Господи, ну где эта печать? Я вертелся, уворачиваясь от когтей, лап, клыков, налитых ядом (фиг знает, змея змее рознь, а ну как на них мой иммунитет не действует?), и не переставал думать о том, где может быть эта самая печать.
А может, печать — это сам призрак? Так сказать — два в одном. Сам себе и страж, и сокровище.
Нет, вряд ли. Слишком просто и очевидно.
Стоп — я крутанулся на месте и отрубил ноги мерзкой твари с ужасно длинным носом. Просто. Первая печать должна быть очень простой, это здоровая логика создателя игры, все всегда идет по нарастающей. Причем она еще и ознакомительная, сделанная так, чтобы игрок понял принцип расположения предметов в квестовой цепочке.
Толпа тварей напирала, мечи личей прорубали просто просеки в их телах, но было ясно — нас скоро сомнут.
Тут меня и сшибли с ног, я покатился по полу и буквально уперся носом в узорную мозаику пола в ее центре. Мозаику! Мозаику, которая есть только в центре беседки, остальной пол представлял собой просто мраморные плиты.
— Вставай! — прорычал лич, пластая воздух надо мной мечом. — Ищи!
— Уже нашел. — Я вскочил на ноги и воткнул меч в пол. Ну, а что еще я мог сделать? Мне же не объяснили, как именно надо взламывать эту самую печать.

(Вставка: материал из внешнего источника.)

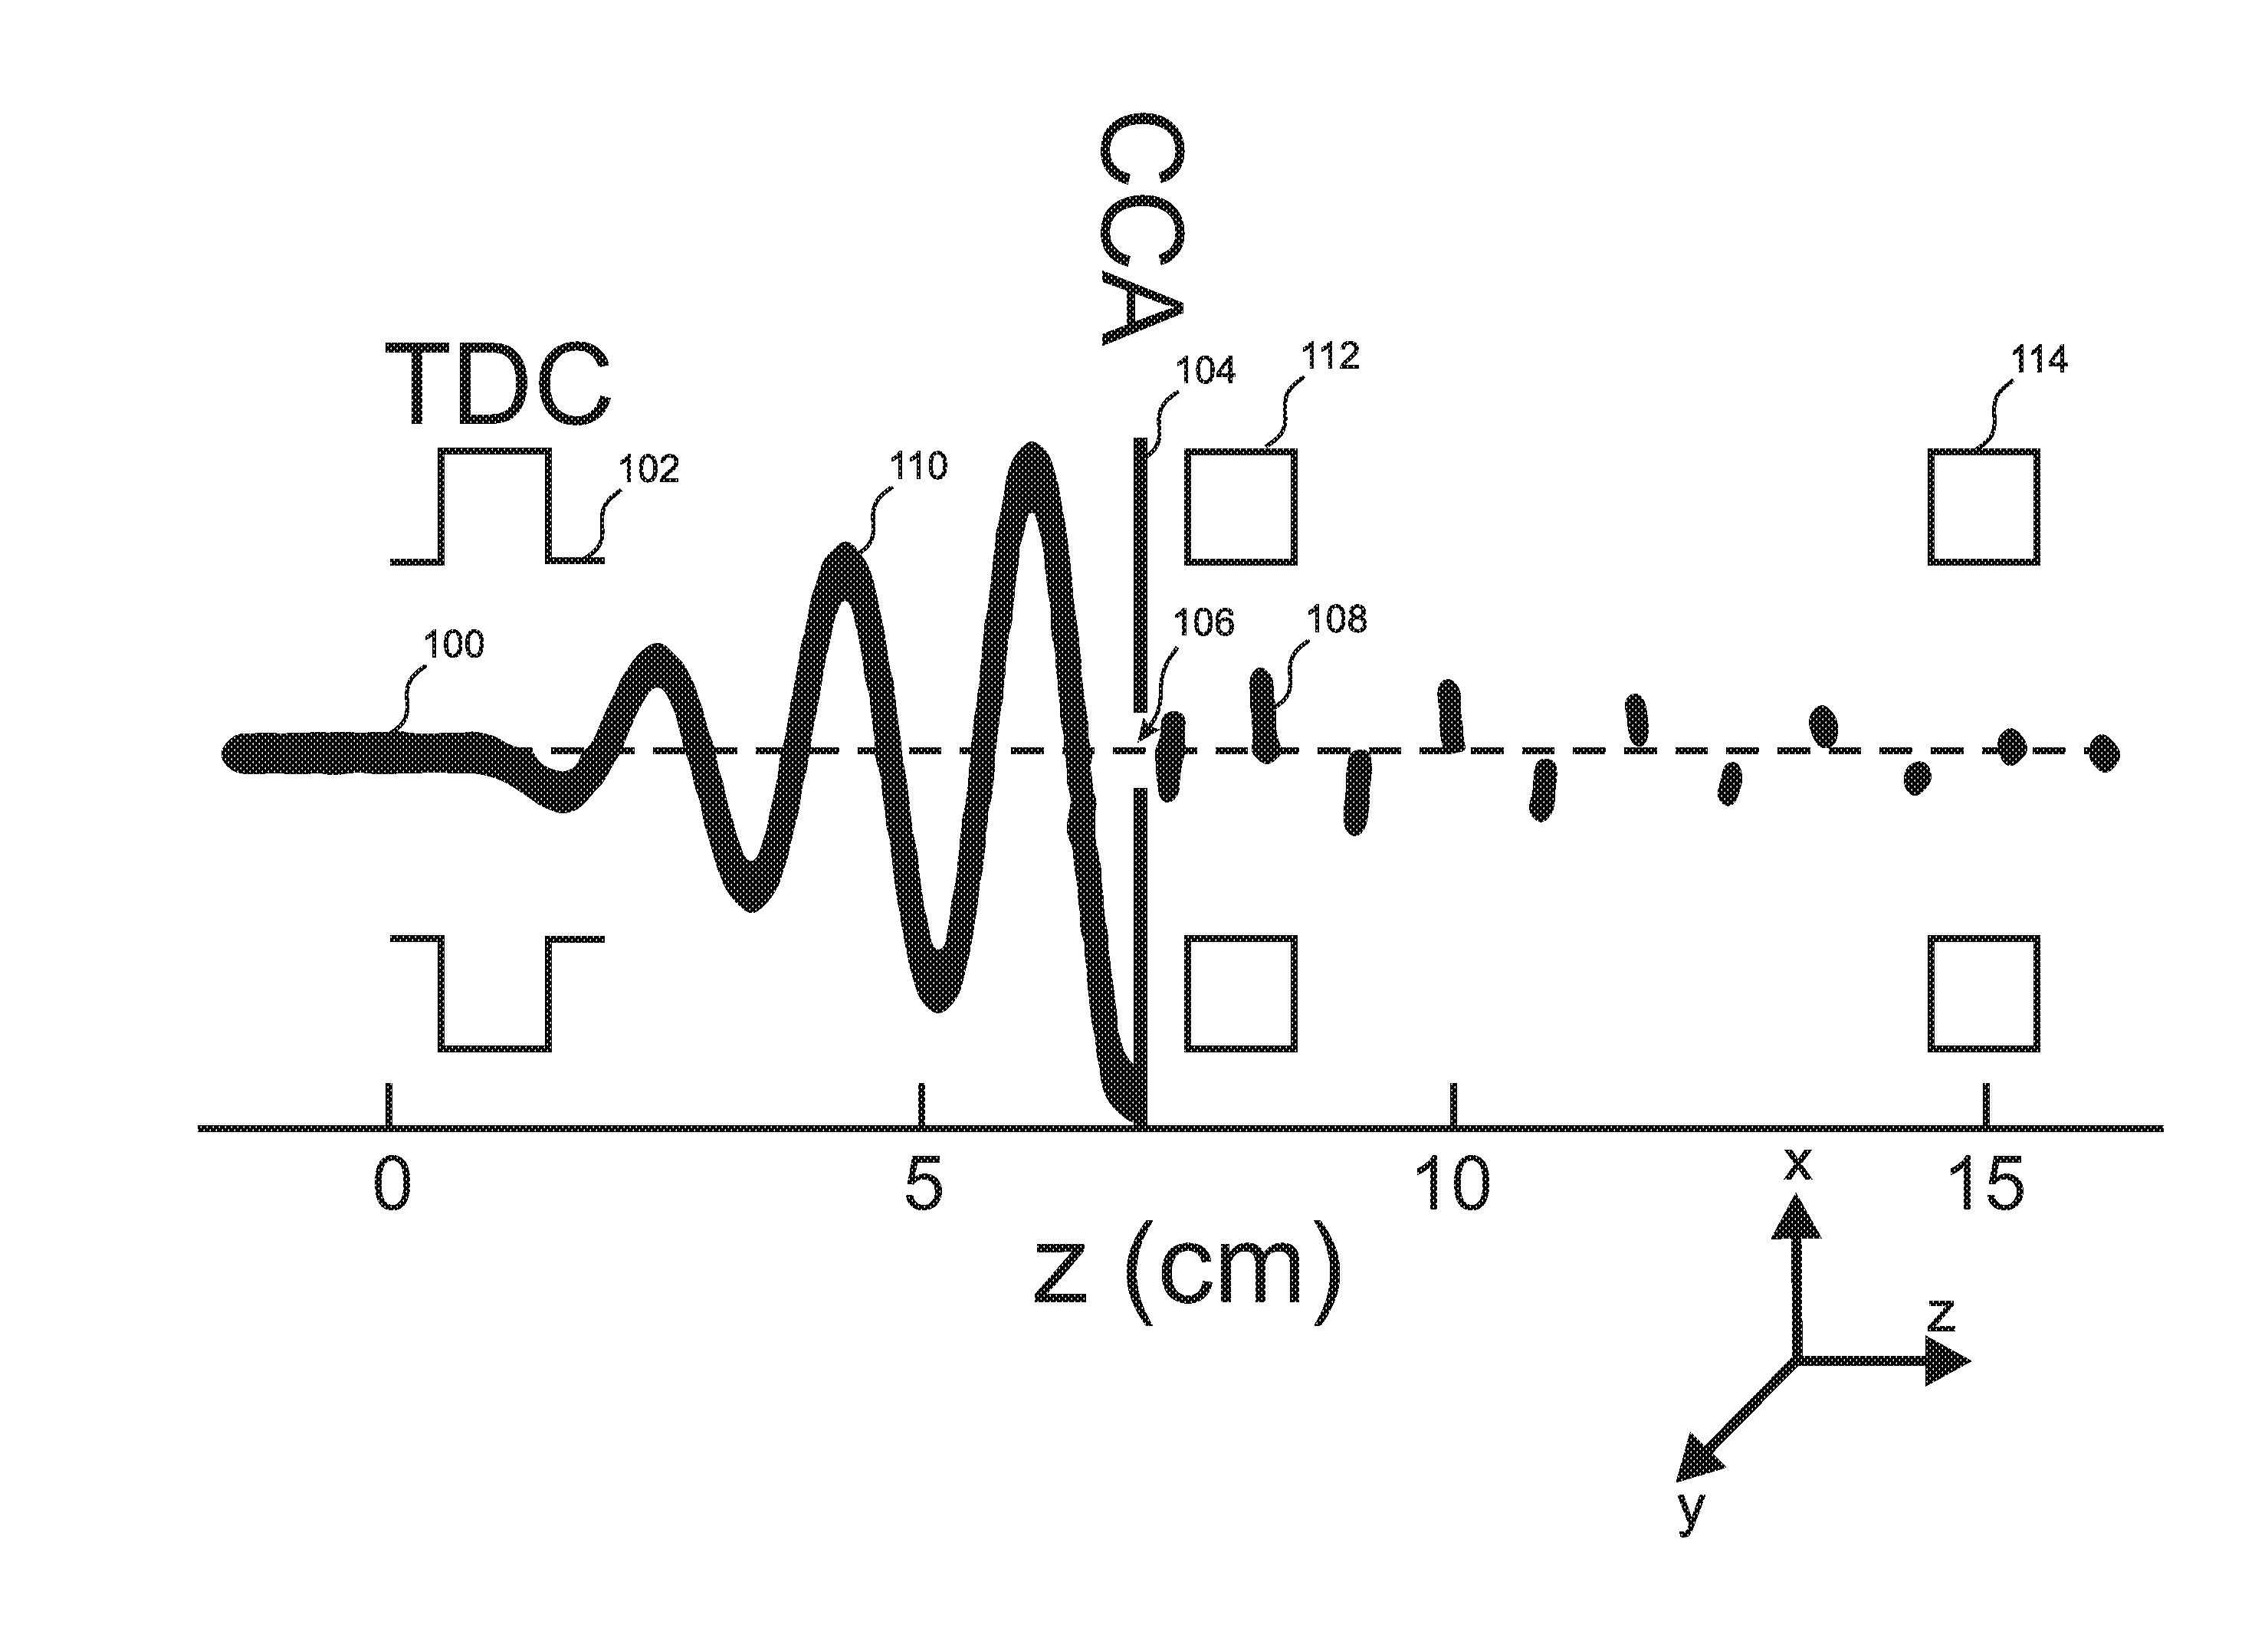 APPARATUS FOR GHz RATE HIGH DUTY CYCLE PULSING AND MANIPULATION OF LOW AND MEDIUM ENERGY DC ELECTRON BEAMS

В данном случае прекрасно подошел бы лом, но где я его возьму?
В небесах загромыхало, пол, в том месте, где я нанес удар, начал наливаться багрянцем.

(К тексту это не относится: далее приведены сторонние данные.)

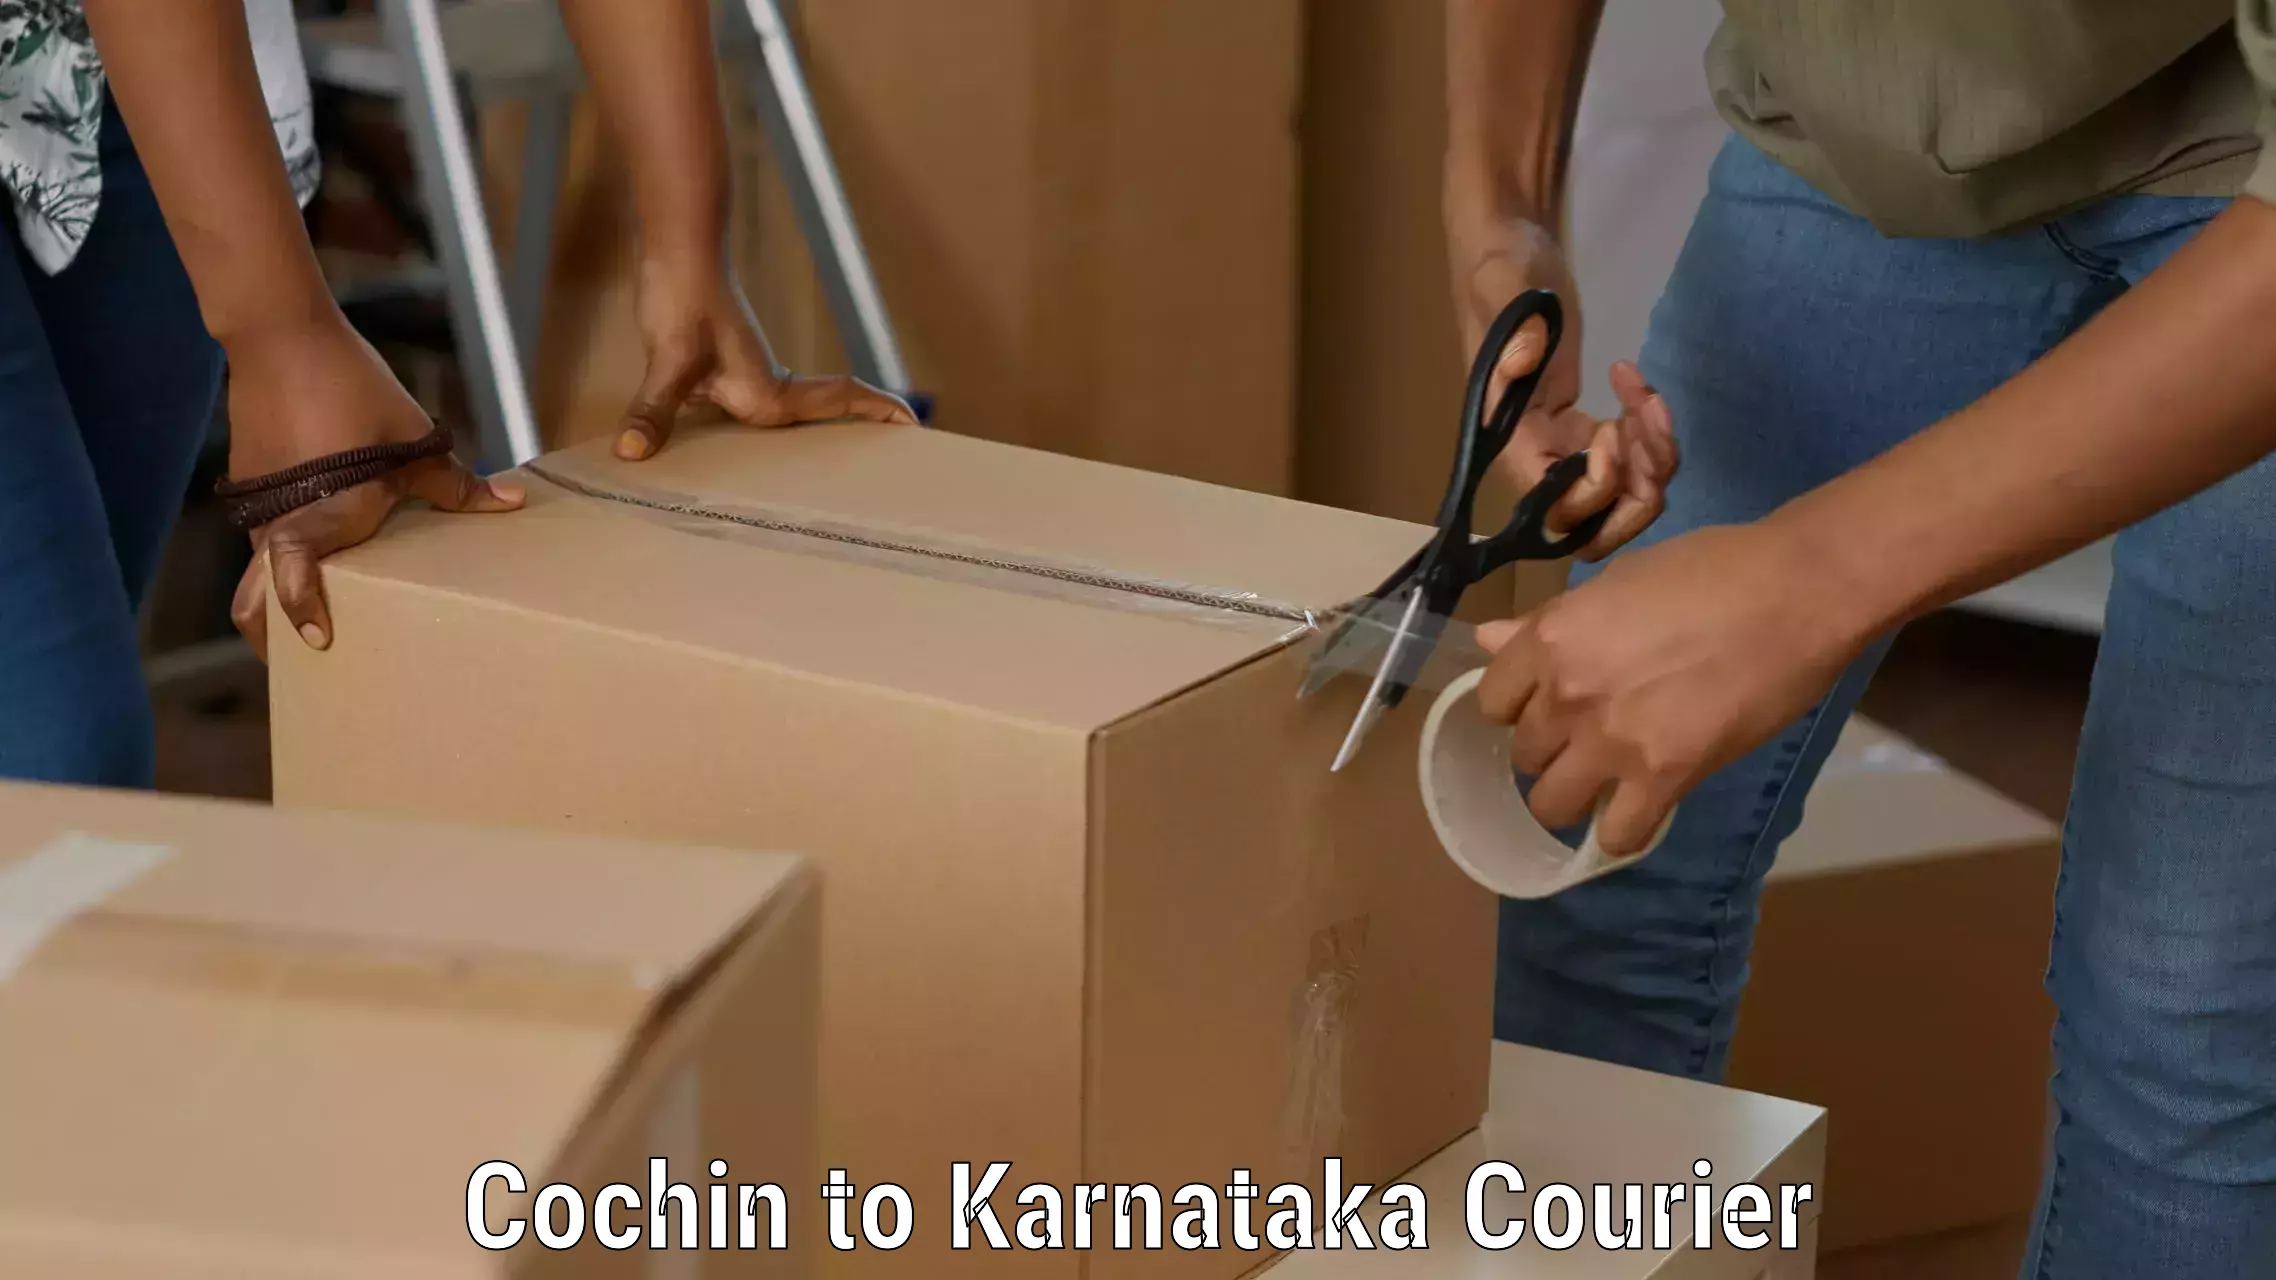 Reliable courier service in Cochin to Bewoor

— Э-эх! — Я снова воткнул меч в пол. — Э-эх!
Не сломался бы!
Не успел. На седьмом ударе мозаика треснула, разламываясь так, как будто ее долбанули кулаком изнутри, и оттуда выплеснулся столб ярко-красного пламени, не обжигающего, но слепящего. Нечисть, уже переставшая пытаться нас убить, только завидев это пламя, одновременно жалобно взвыла и пропала с той скоростью, с которой пропадает мороженое из тарелки шестилетнего сластены.
— Что вы наделали! — это был призрак, он заорал так, что перекрыл все остальные звуки. — Что!
— Воспользовались правом выбора. — Я сделал несколько шагов назад и прищурился — очень уж ярко пыхало от разлома светом.
— Вы погубили этот мир, — призрак был уже внутри беседки, рядом со мной. — Но моей вины в этом нет, я сделал все, что мог.
Он приблизился к столбу пламенного света и шагнул в него, моментально исчезнув.
Вами выполнено задание "Удар по мирозданию".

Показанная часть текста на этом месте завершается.